— Task details —
Exactly the lines below starting at the line with "With immense pleasure, i" and ending at the line with "#RIBAawards @RIBA" are wanted, with both ends included. Leave out the pictures and add no other lines.
[[ The records, beginning ]]
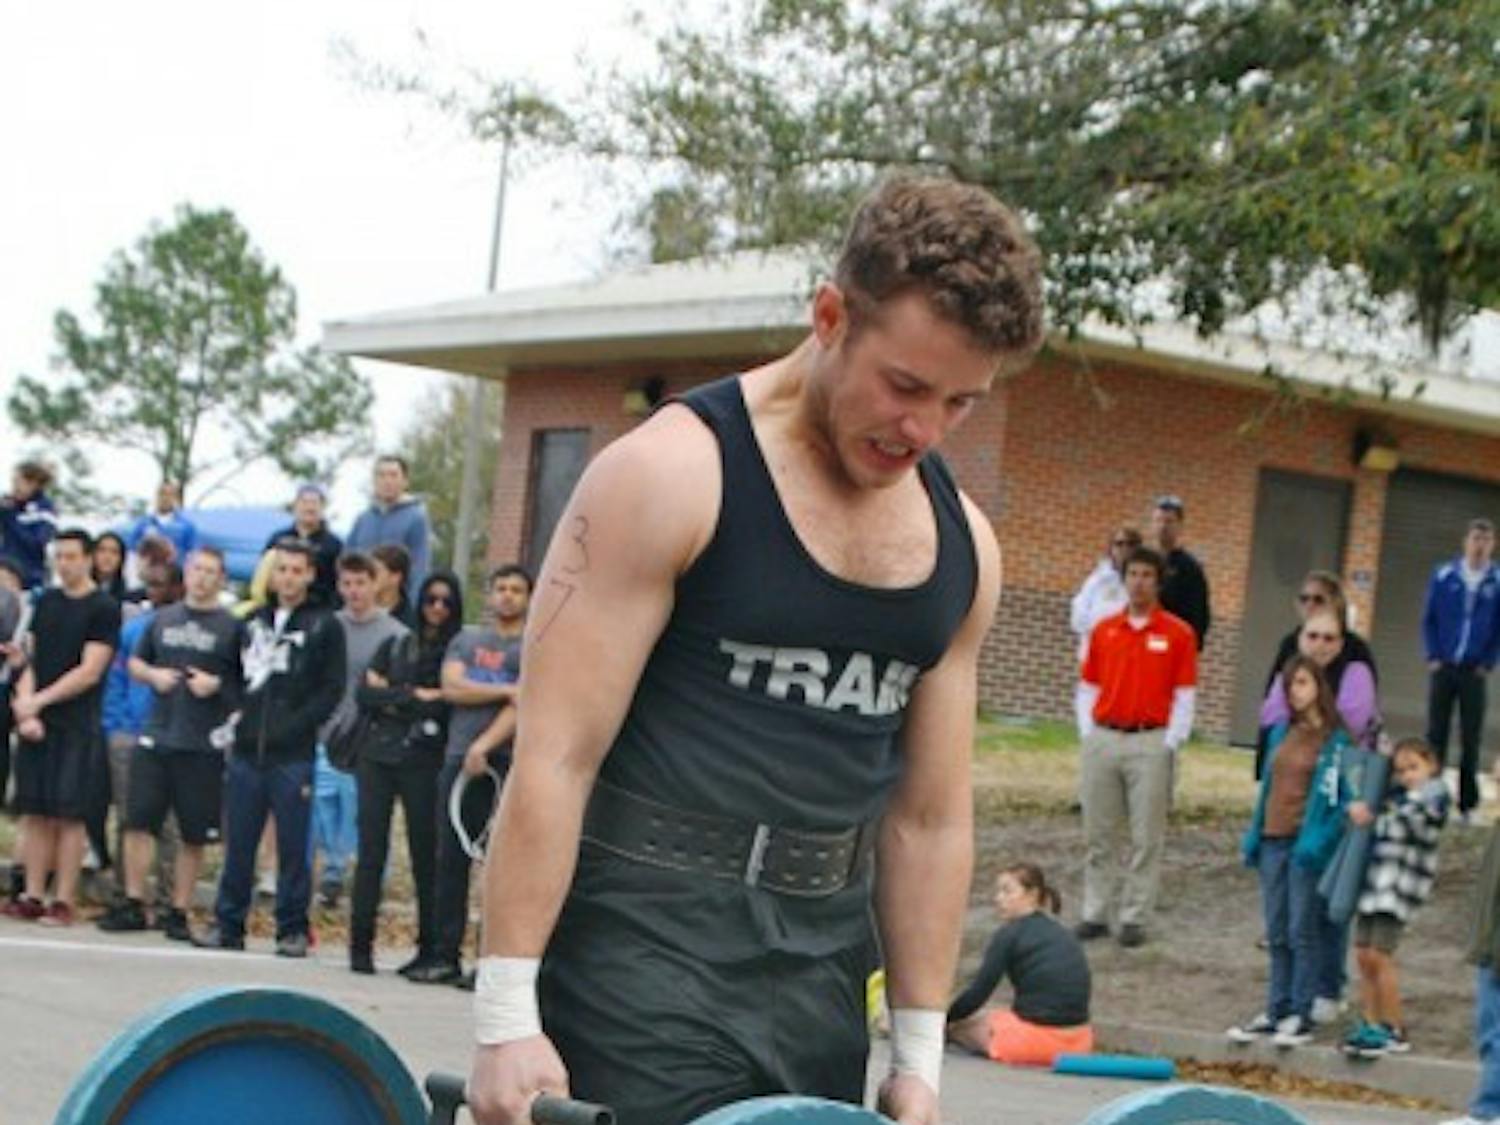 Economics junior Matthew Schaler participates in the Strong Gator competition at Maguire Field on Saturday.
[[ The records, end ]]
[[ The records, beginning ]]
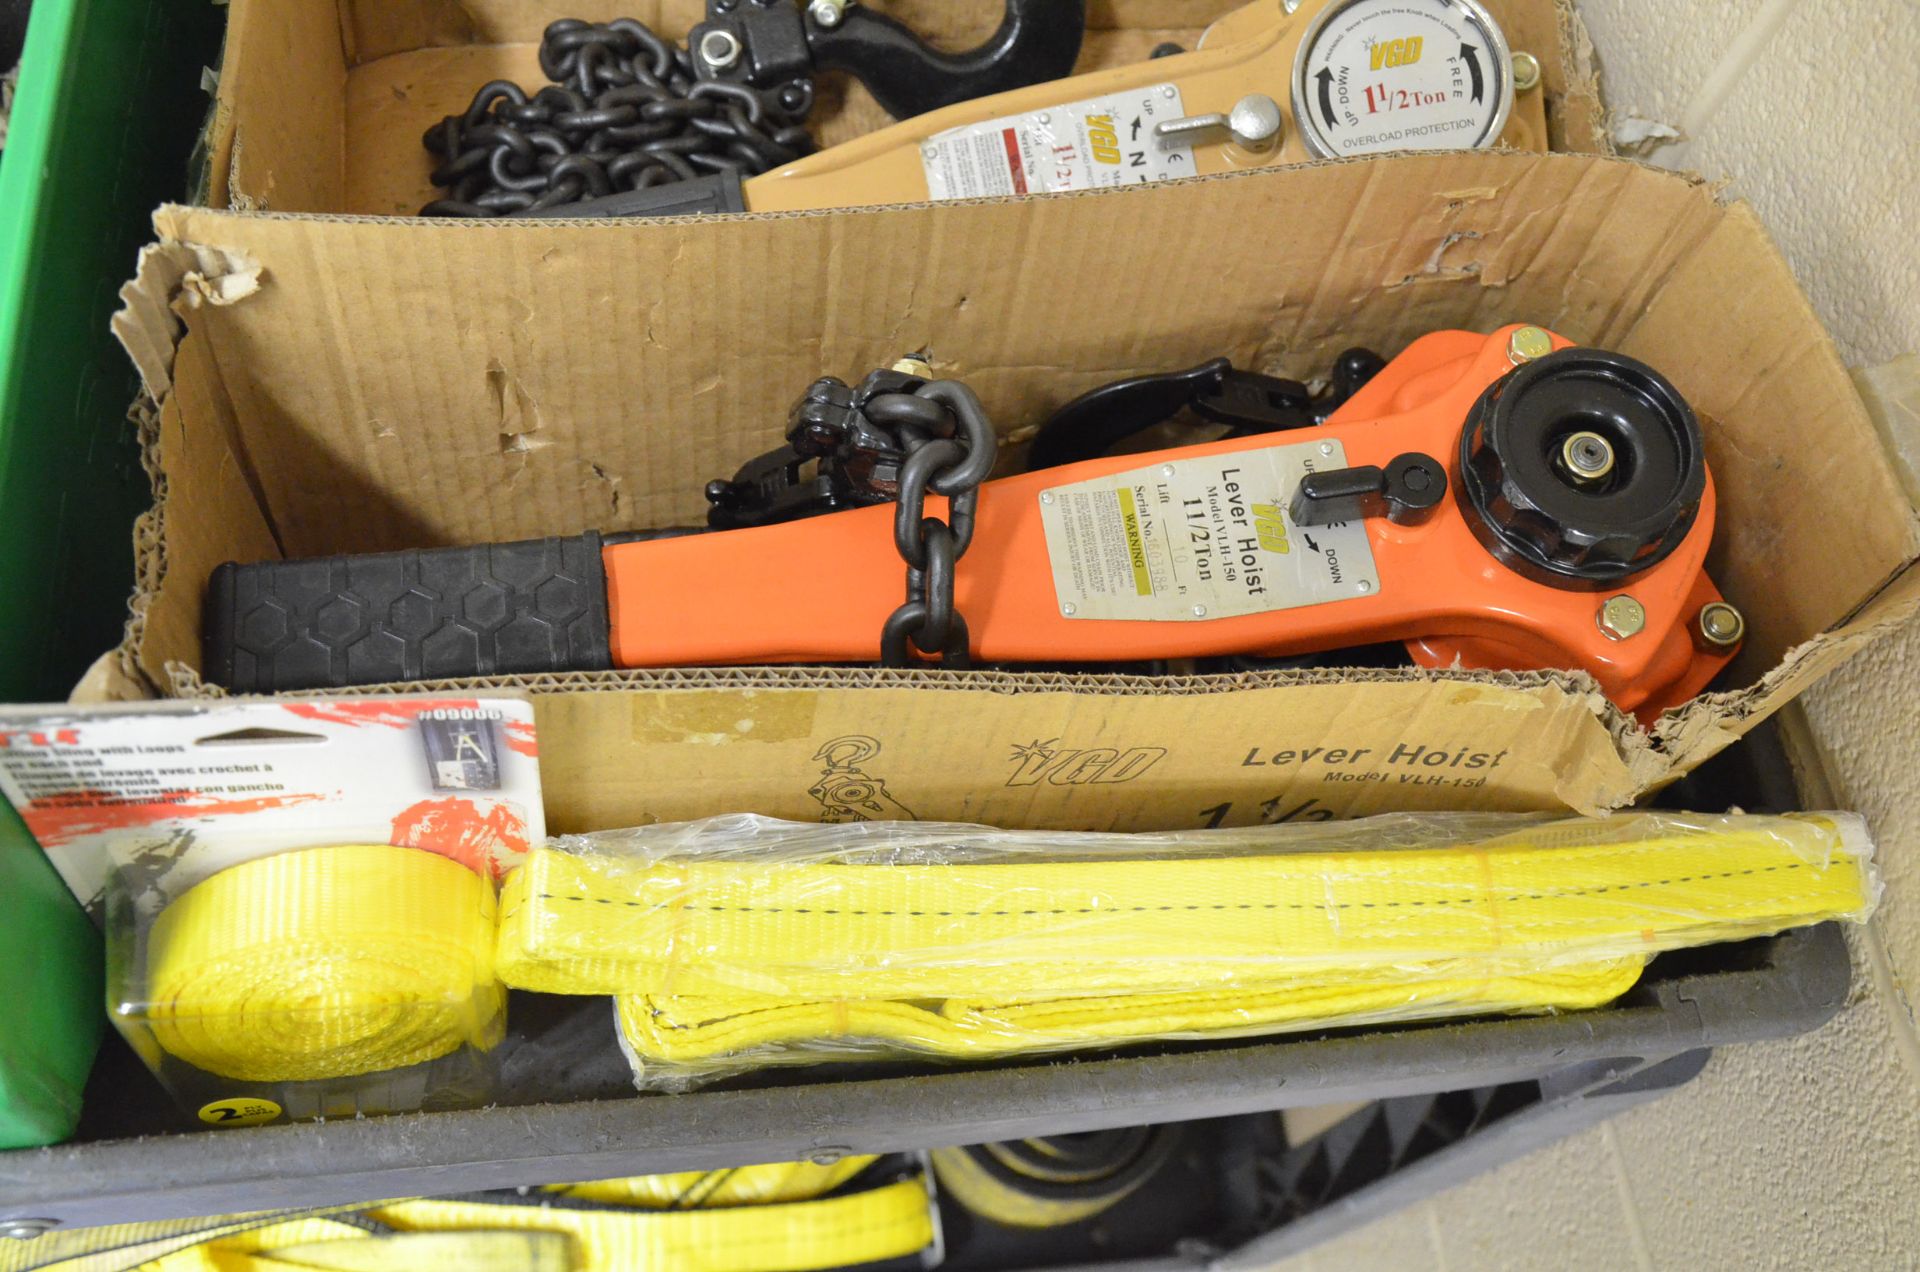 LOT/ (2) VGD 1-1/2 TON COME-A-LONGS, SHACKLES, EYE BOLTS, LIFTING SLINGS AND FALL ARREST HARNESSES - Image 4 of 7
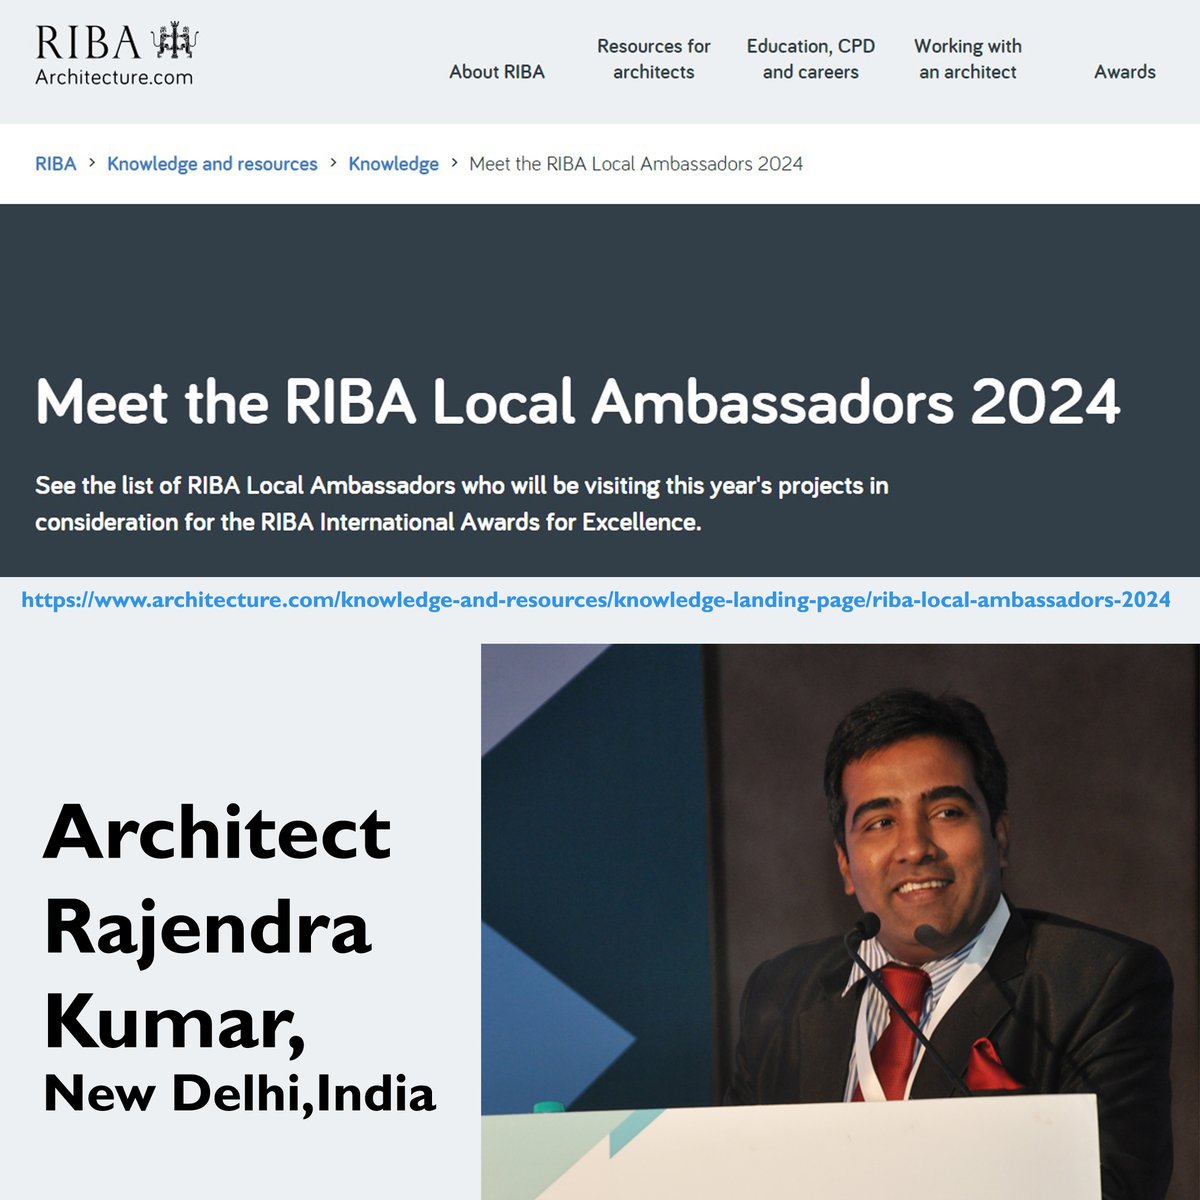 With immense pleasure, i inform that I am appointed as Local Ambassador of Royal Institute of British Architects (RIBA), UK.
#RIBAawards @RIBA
[[ The records, end ]]
— Response to this exercise —
 With immense pleasure, i inform that I am appointed as Local Ambassador of Royal Institute of British Architects (RIBA), UK.
#RIBAawards @RIBA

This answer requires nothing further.